| Action item |
Find the line with "Raion Power RG12120T2" in the entries below, then output every line from it down to the line with "Shop Amiri Skel Leather Sneakers In White", exactly and with no pictures.

| Exercise data |

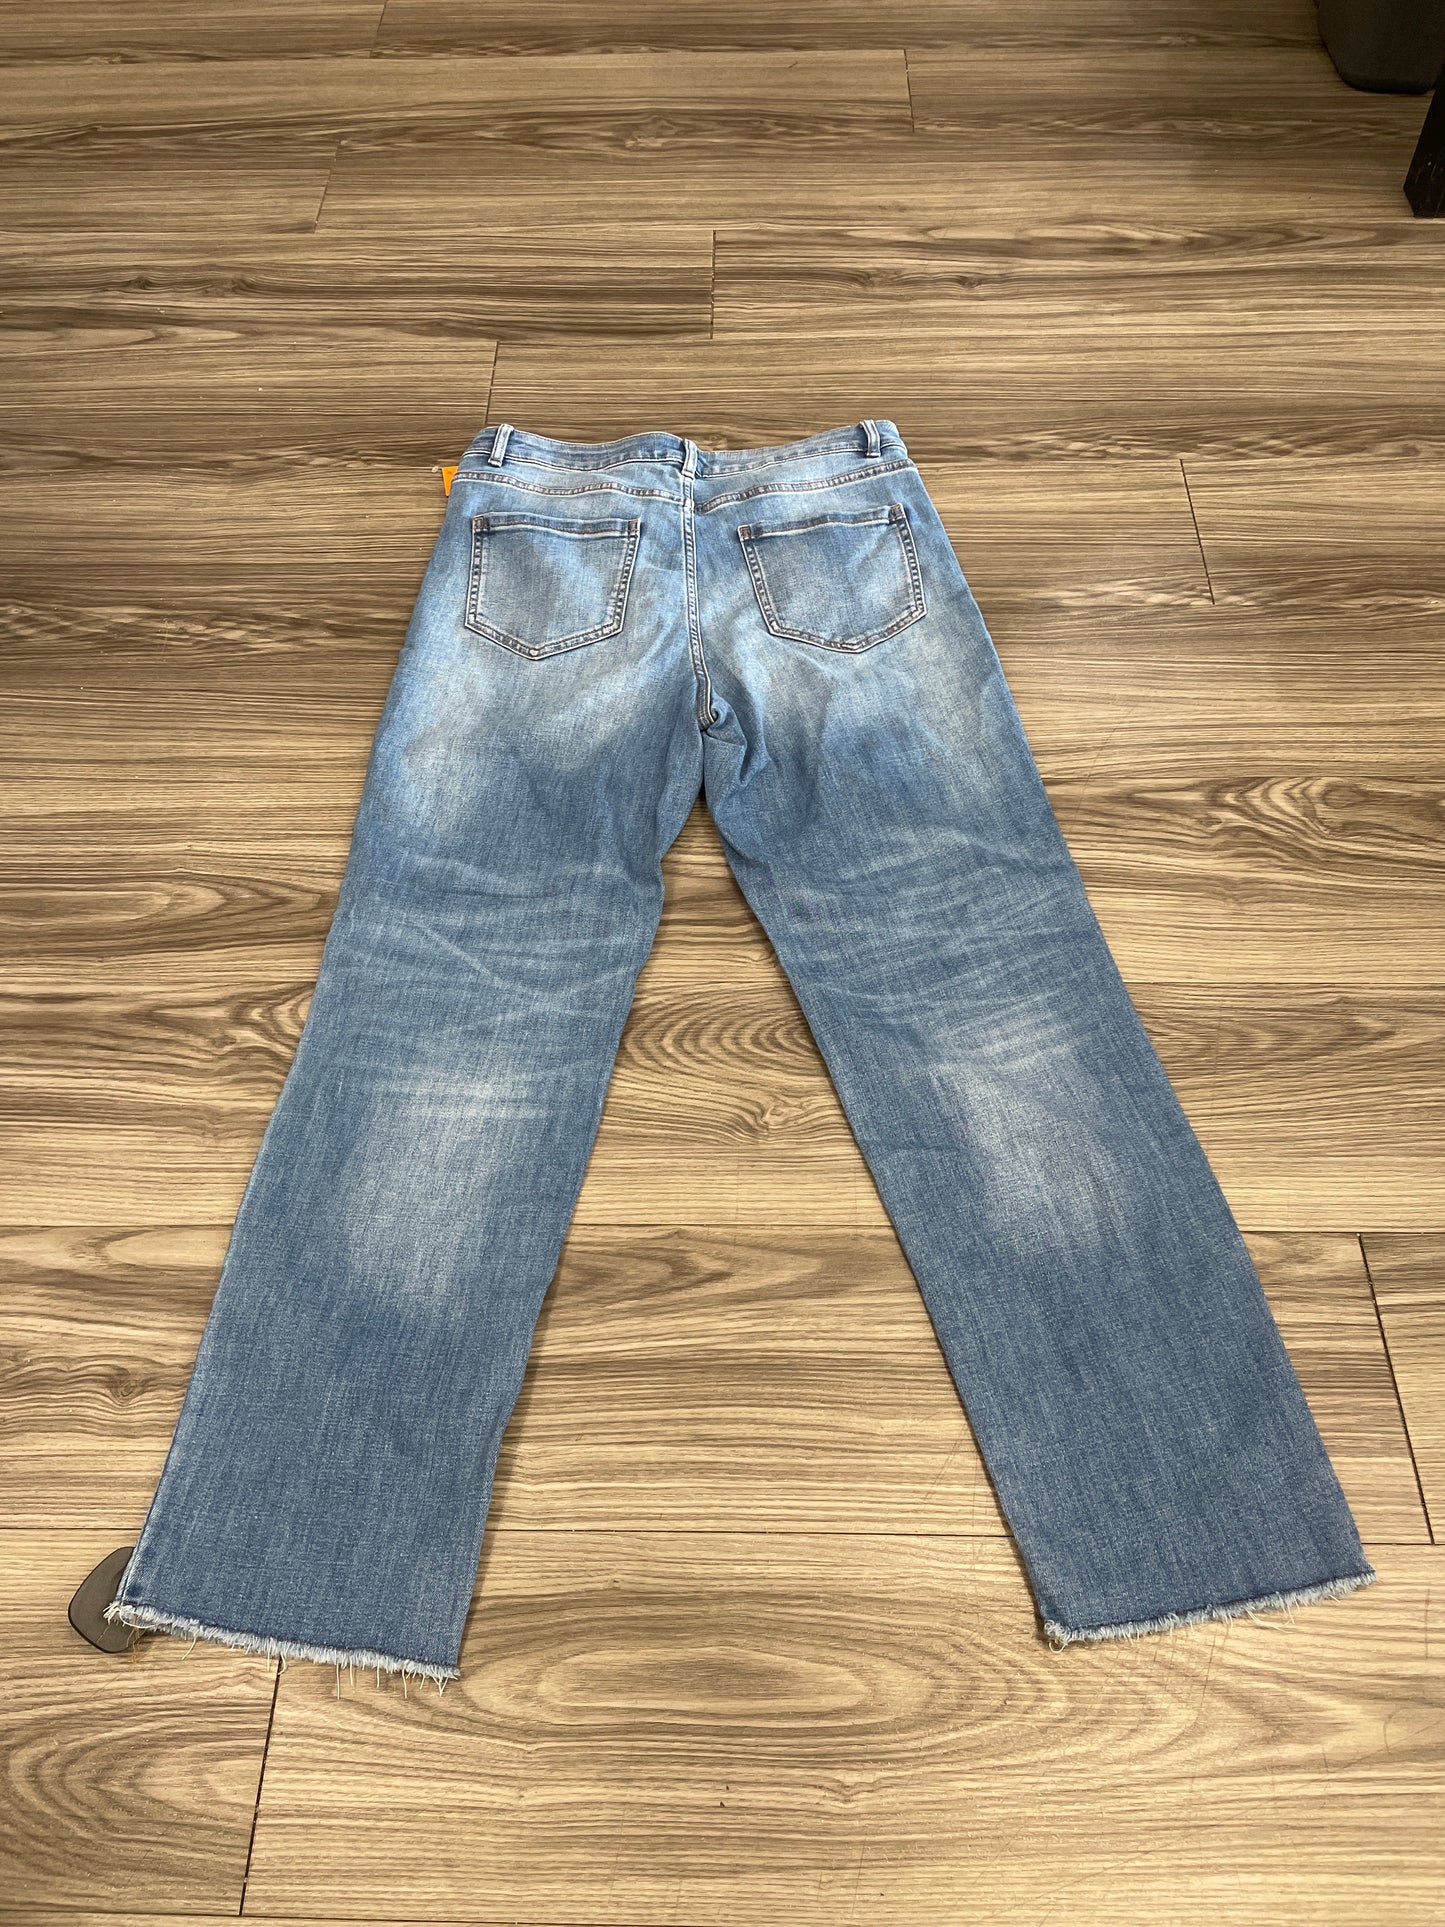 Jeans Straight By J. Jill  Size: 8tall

--

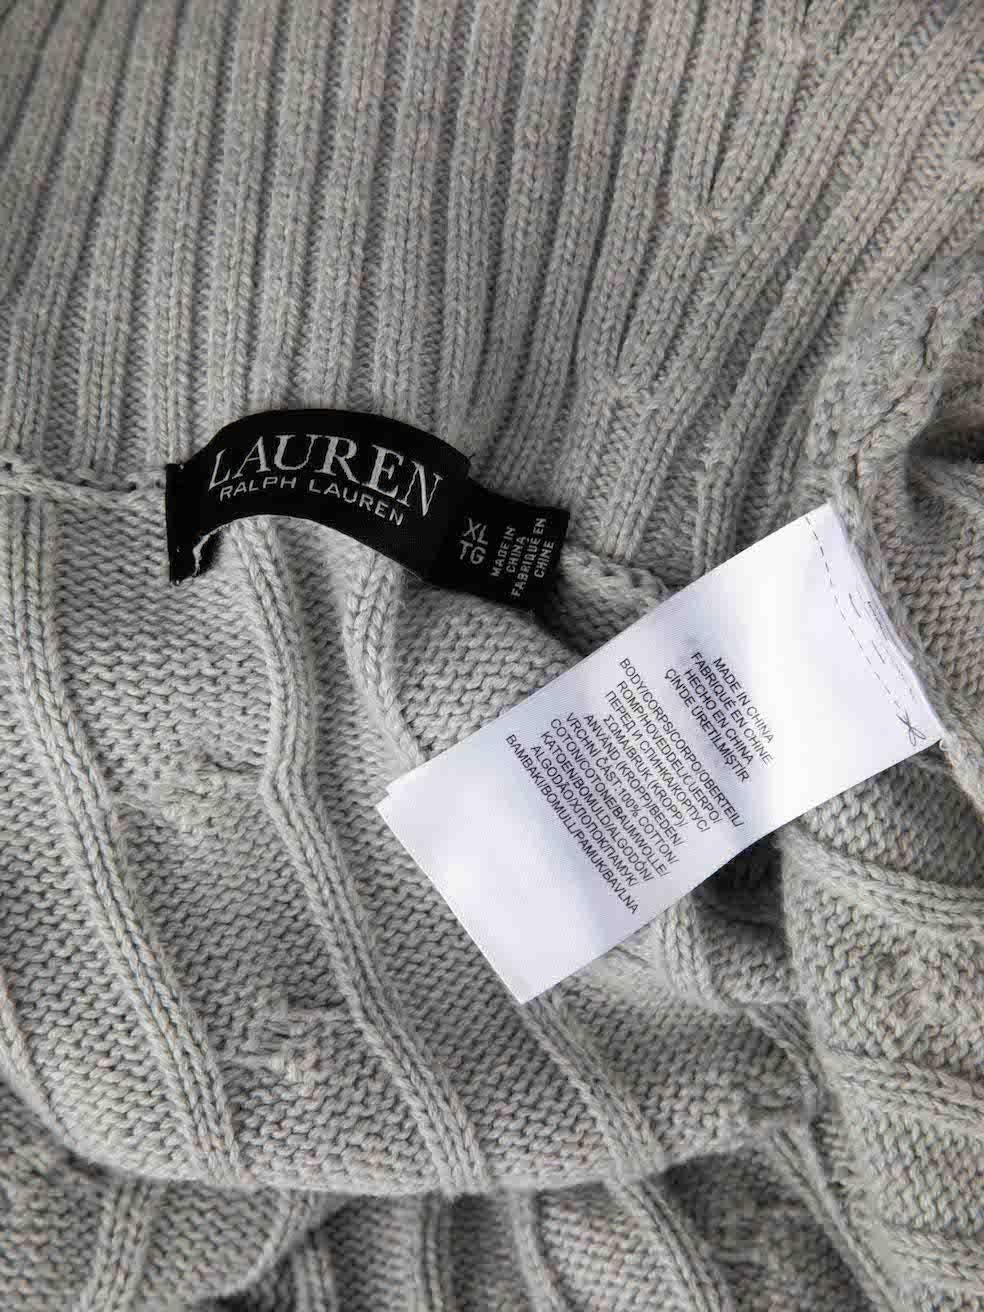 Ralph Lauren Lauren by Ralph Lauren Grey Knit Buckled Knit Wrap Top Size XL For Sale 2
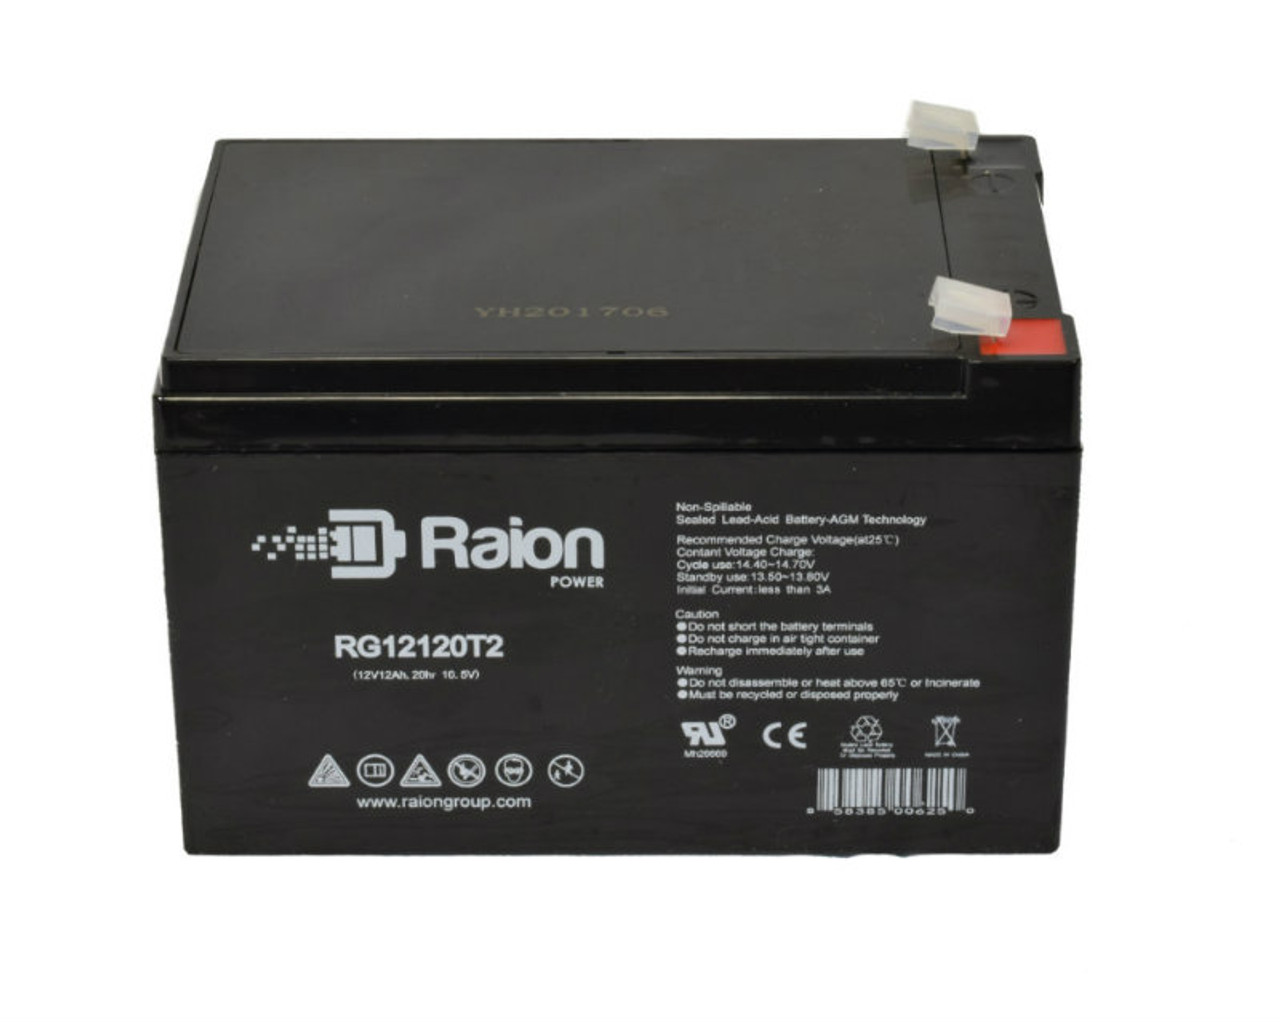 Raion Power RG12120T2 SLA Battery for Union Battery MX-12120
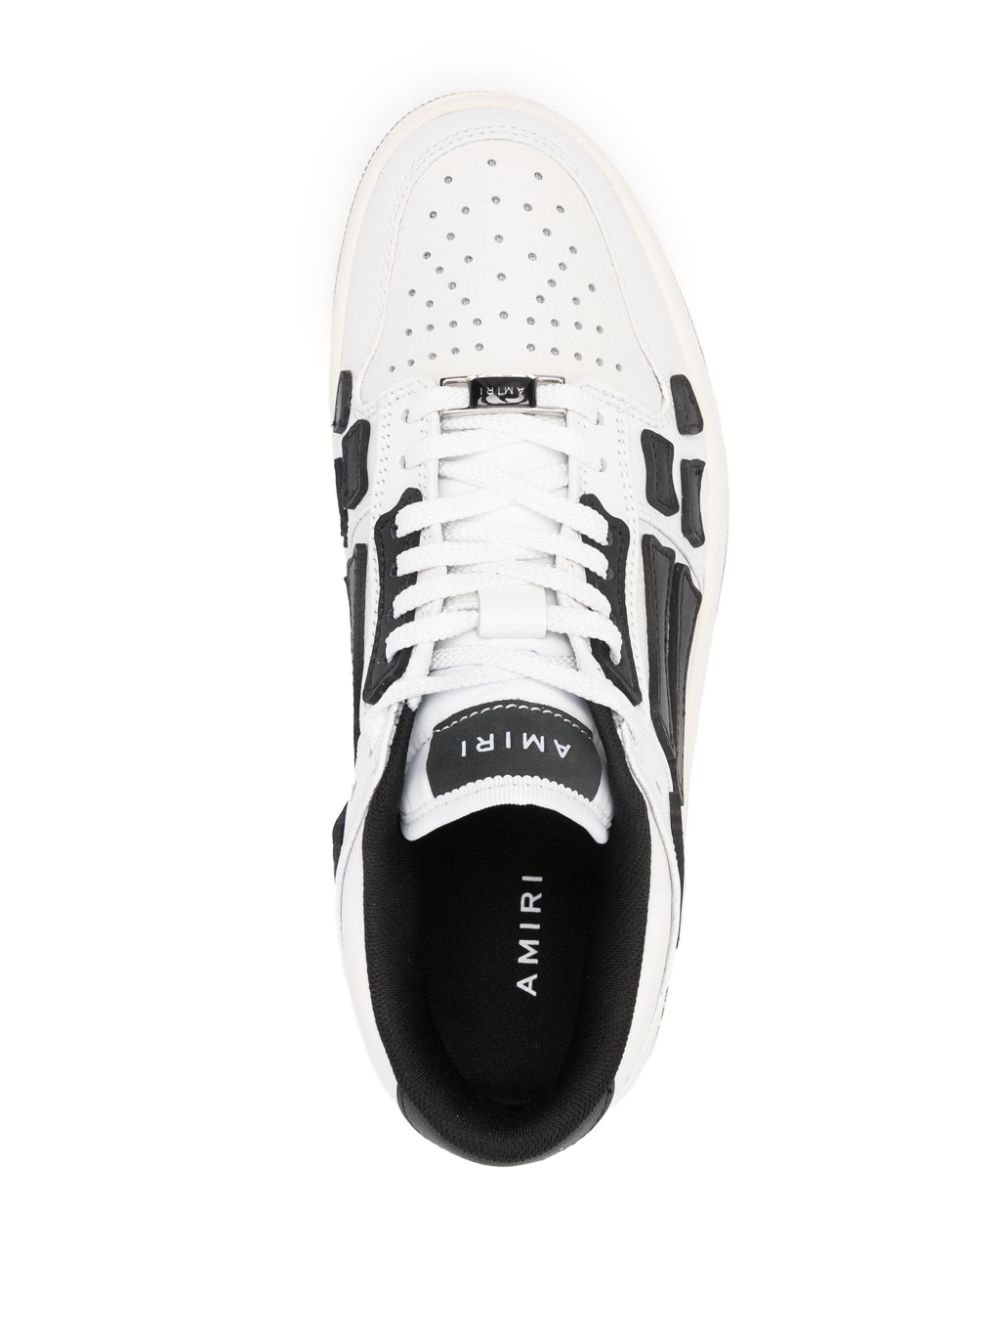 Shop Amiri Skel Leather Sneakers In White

---

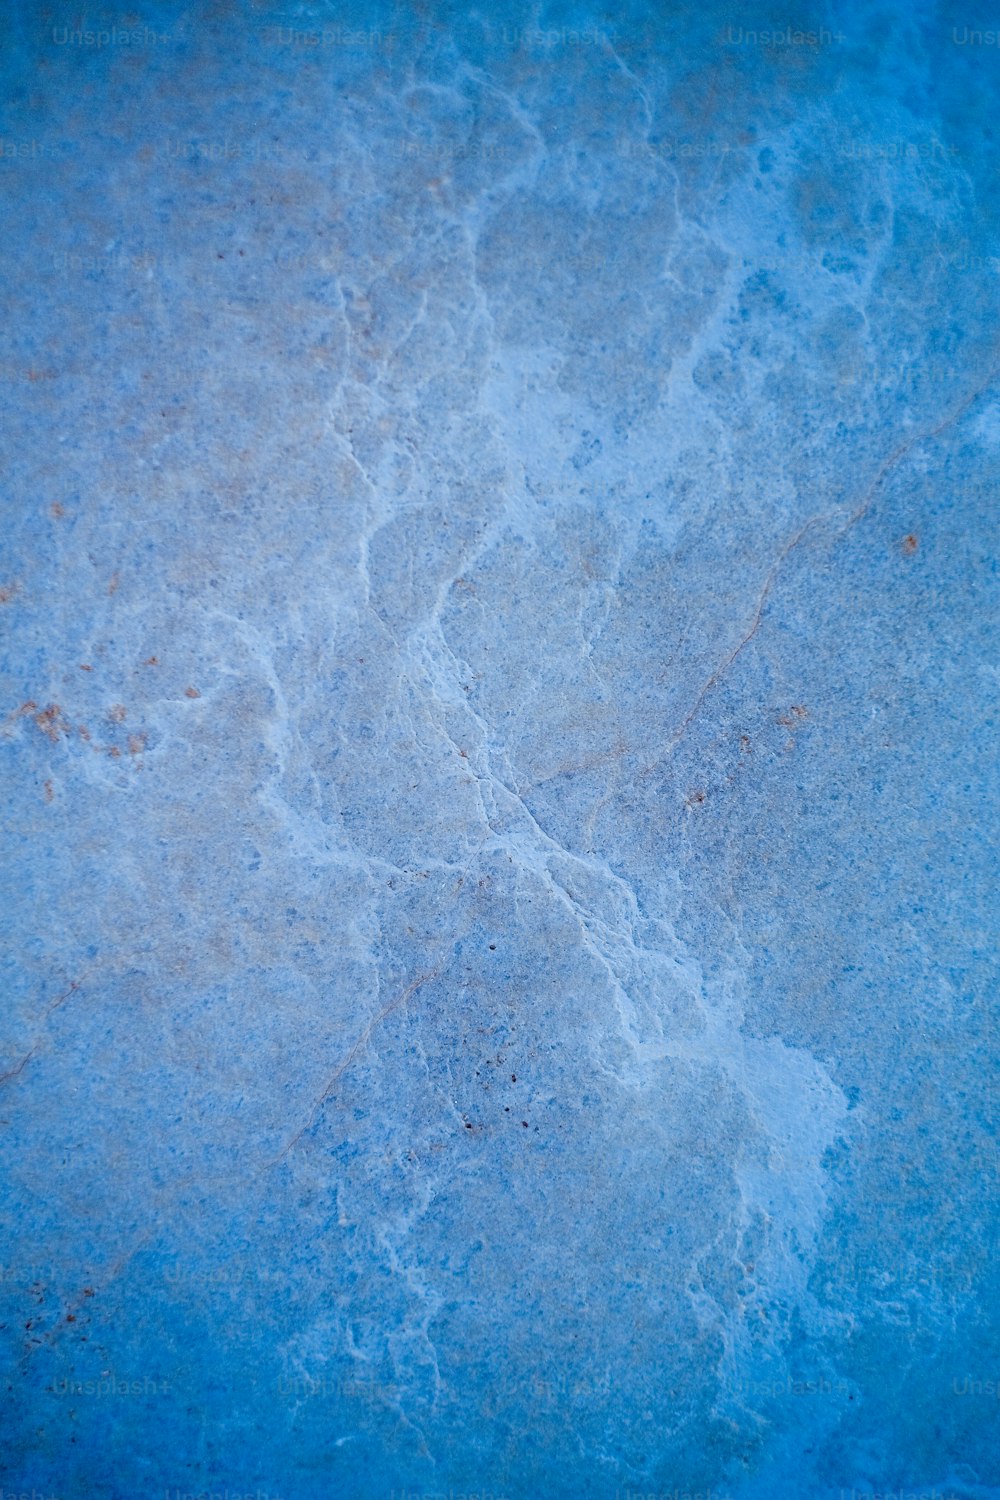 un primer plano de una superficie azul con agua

| Reply to the task |
 Raion Power RG12120T2 SLA Battery for Union Battery MX-12120
 Shop Amiri Skel Leather Sneakers In White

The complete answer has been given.